** Available data follows **

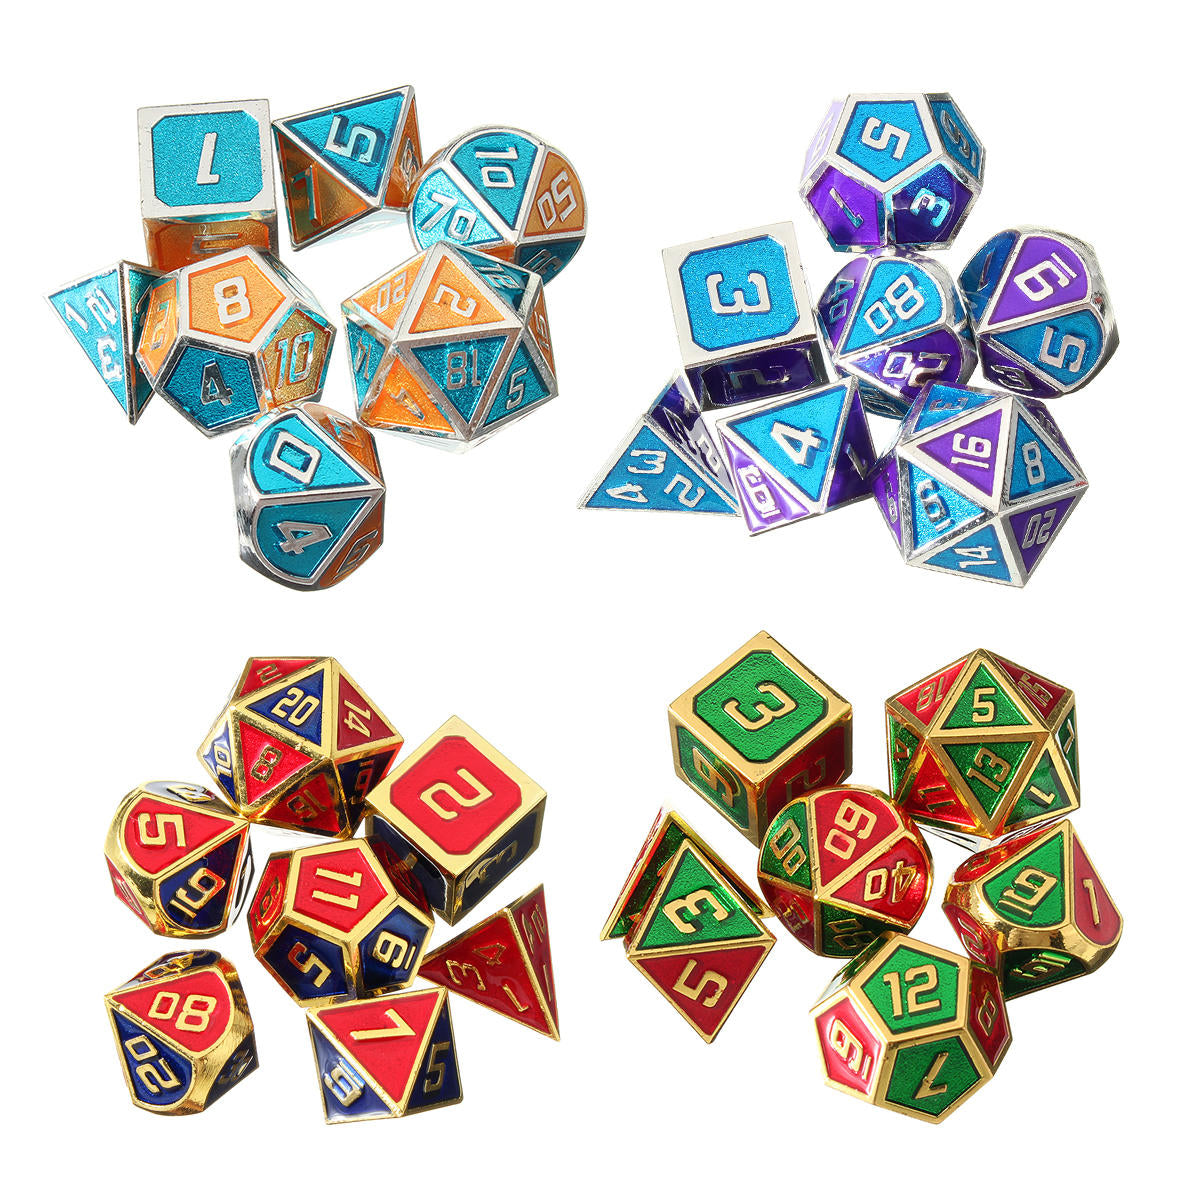 7 stuks polyhedral dices set voor dungeons dragons d20 d12 d10 d8 d6 d4 games + opbergzakjes tas
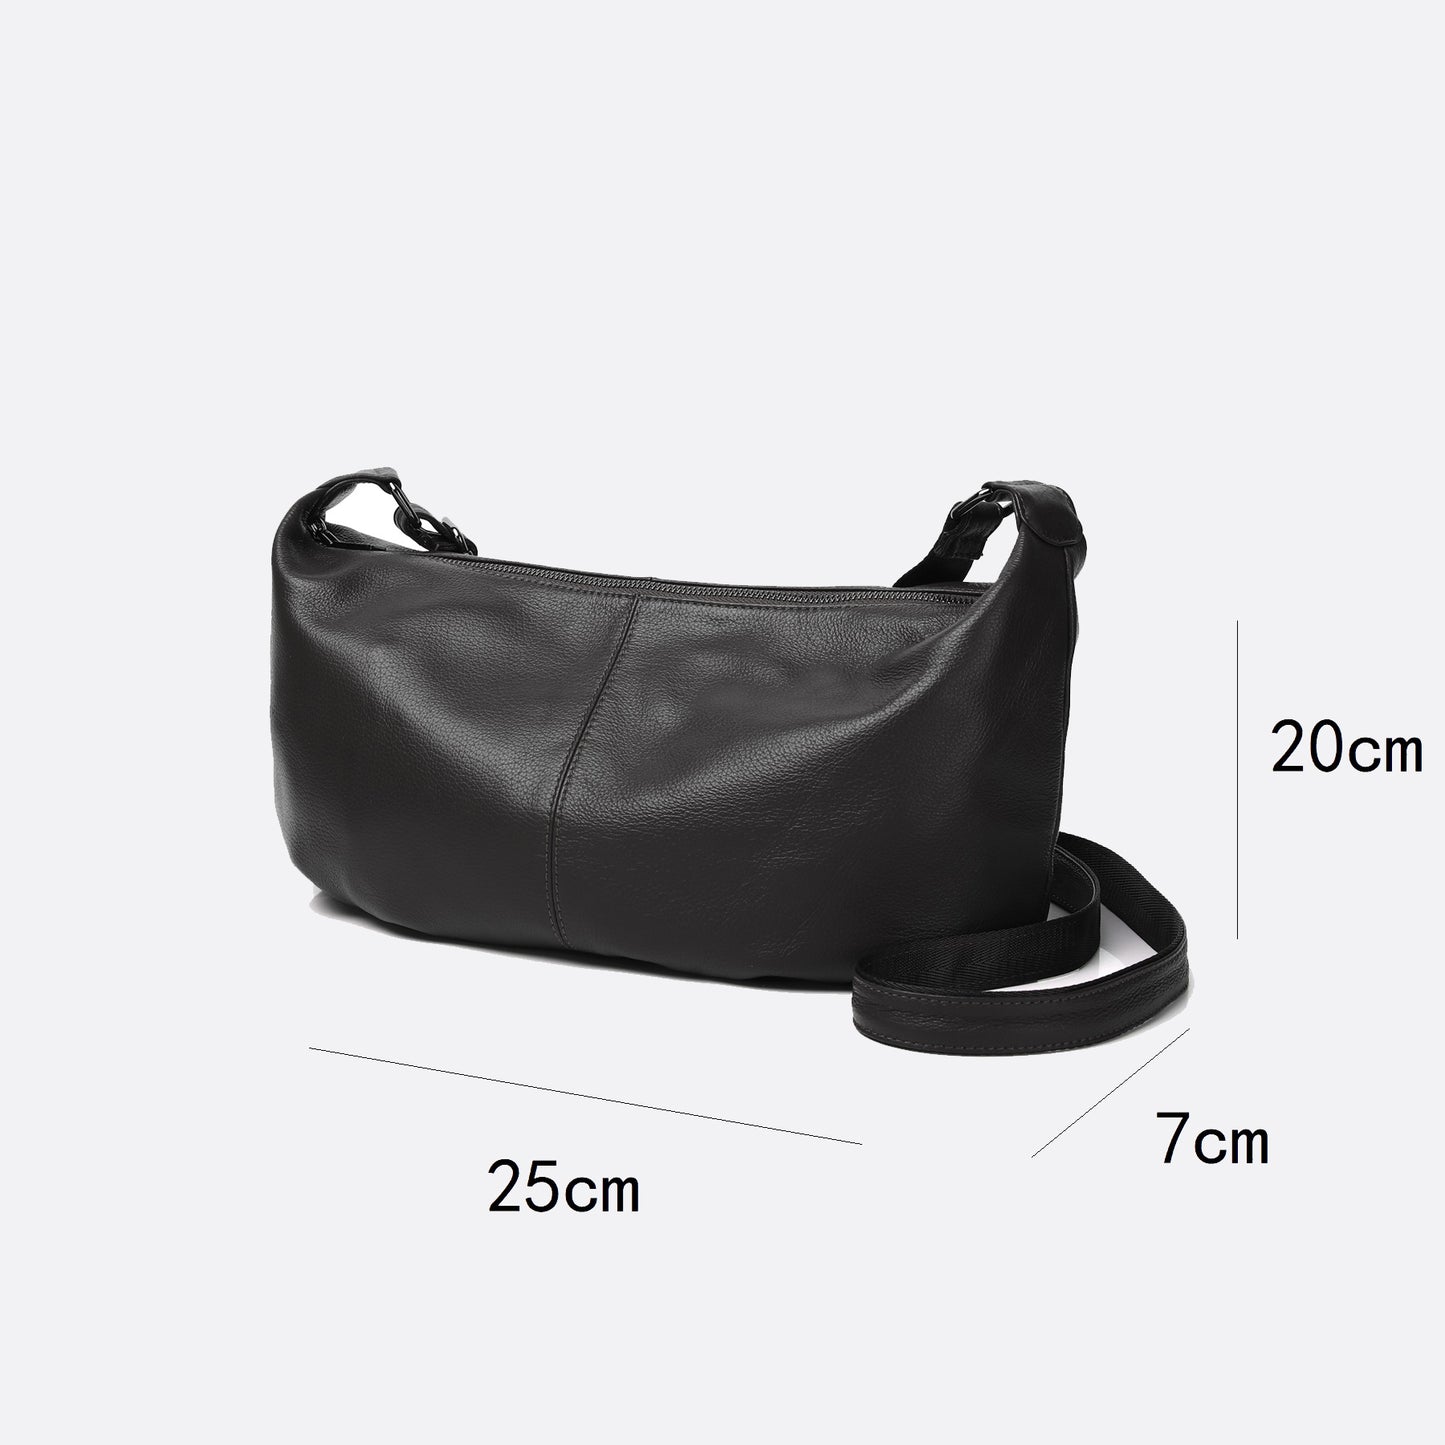 Unisex Women's and Men's genuine cowhide leather handbag Poches V3 design
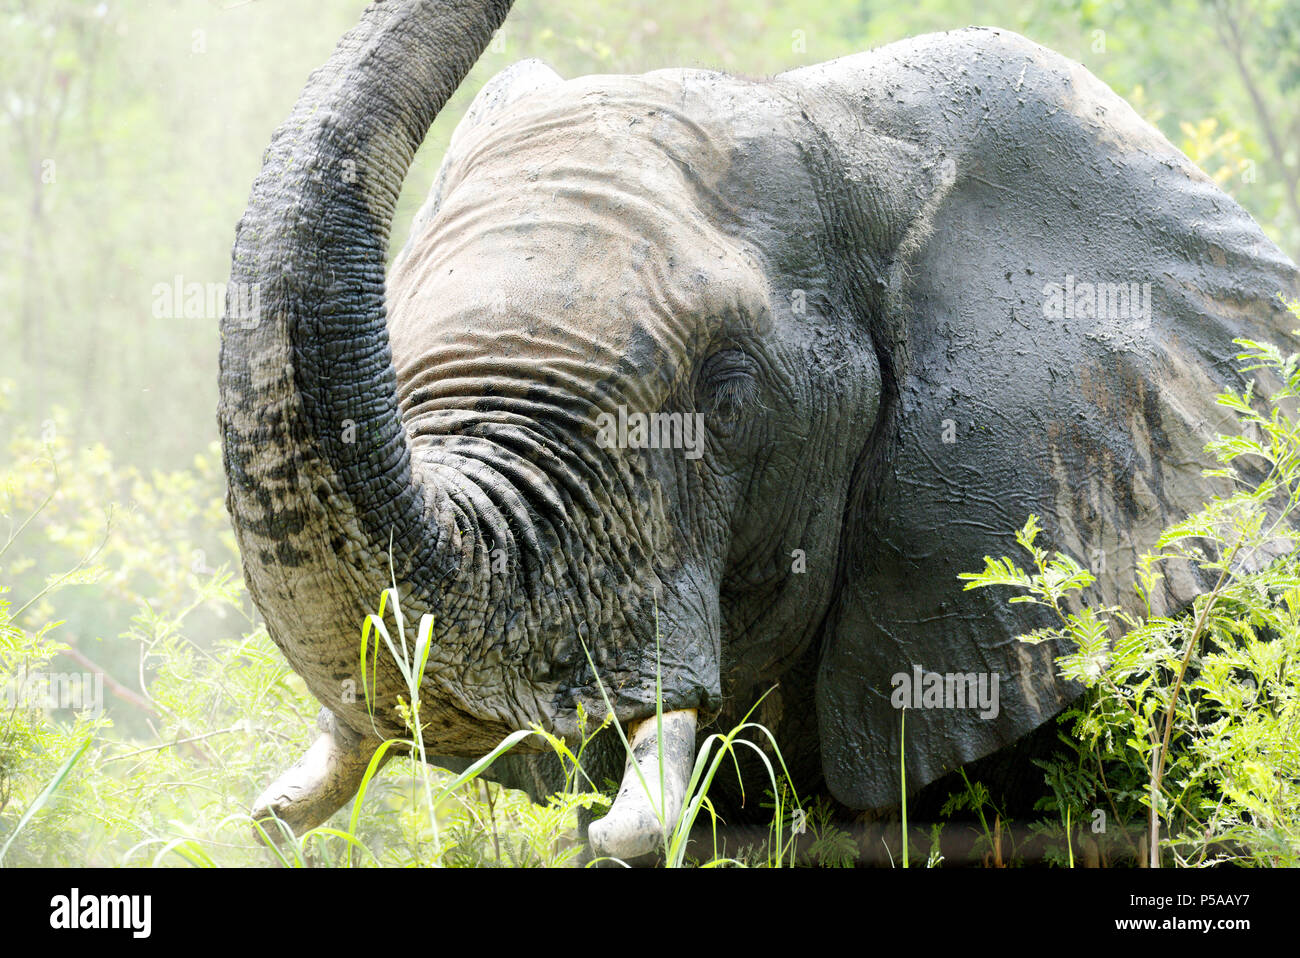 An African elephant raising its trunk Stock Photo
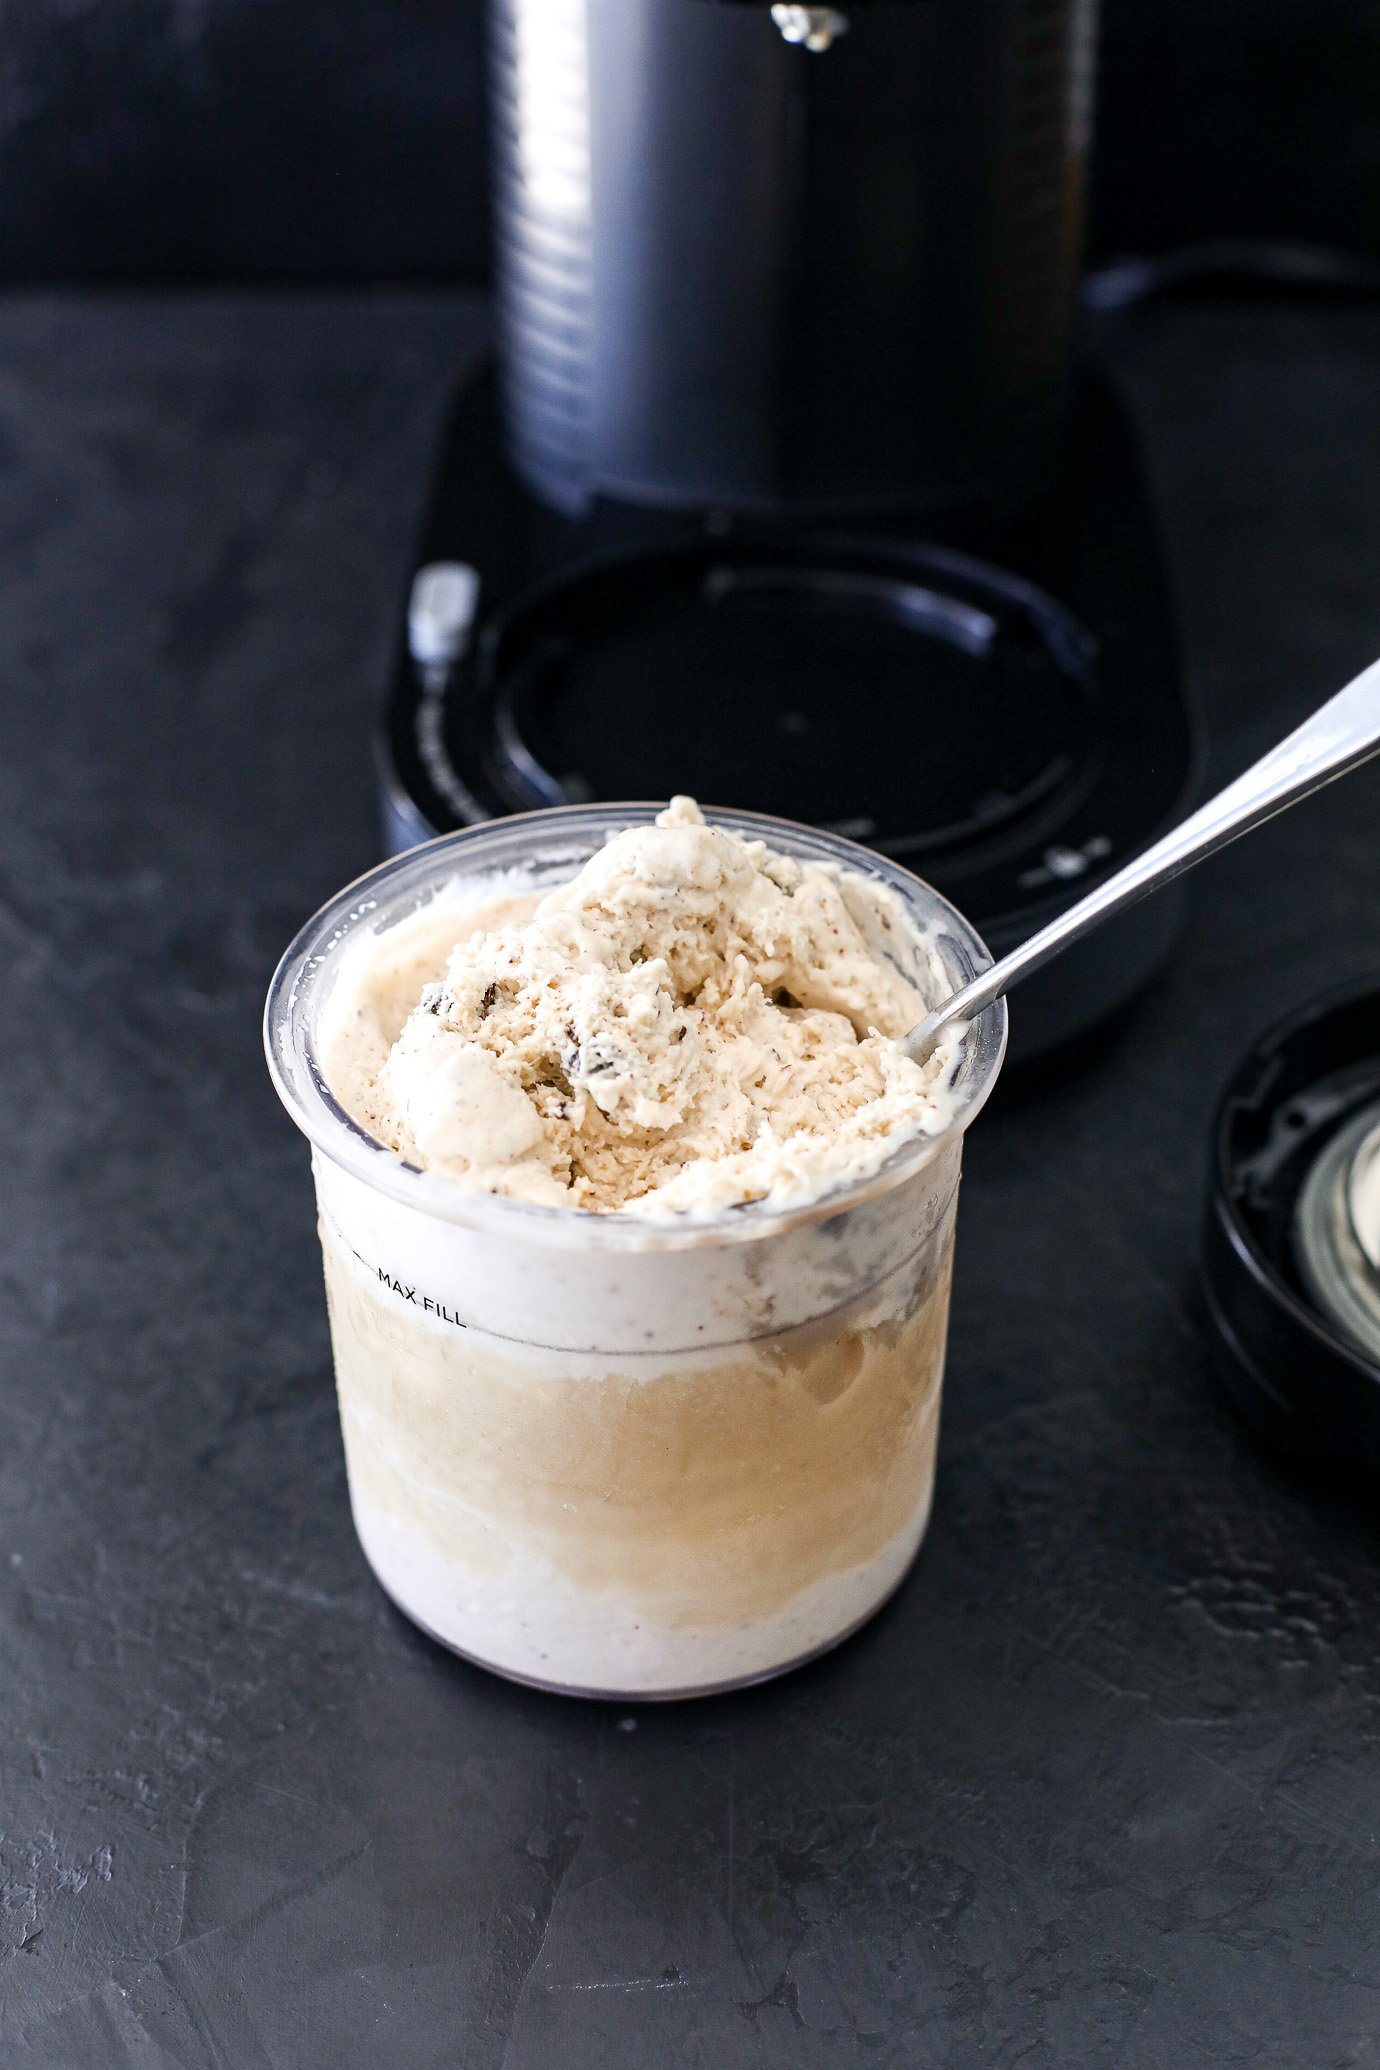 Ninja Creami Protein Ice Cream - I Dream of Ice Cream

** End of Available data **

§ About this exercise: All lines from the one holding "Unisex Women's and" to the end of the listing above need to be duplicated exactly. None of the pictures should be included.

§ Answer for this exercise:
 Unisex Women's and Men's genuine cowhide leather handbag Poches V3 design
 An African elephant raising its trunk Stock Photo
 Ninja Creami Protein Ice Cream - I Dream of Ice Cream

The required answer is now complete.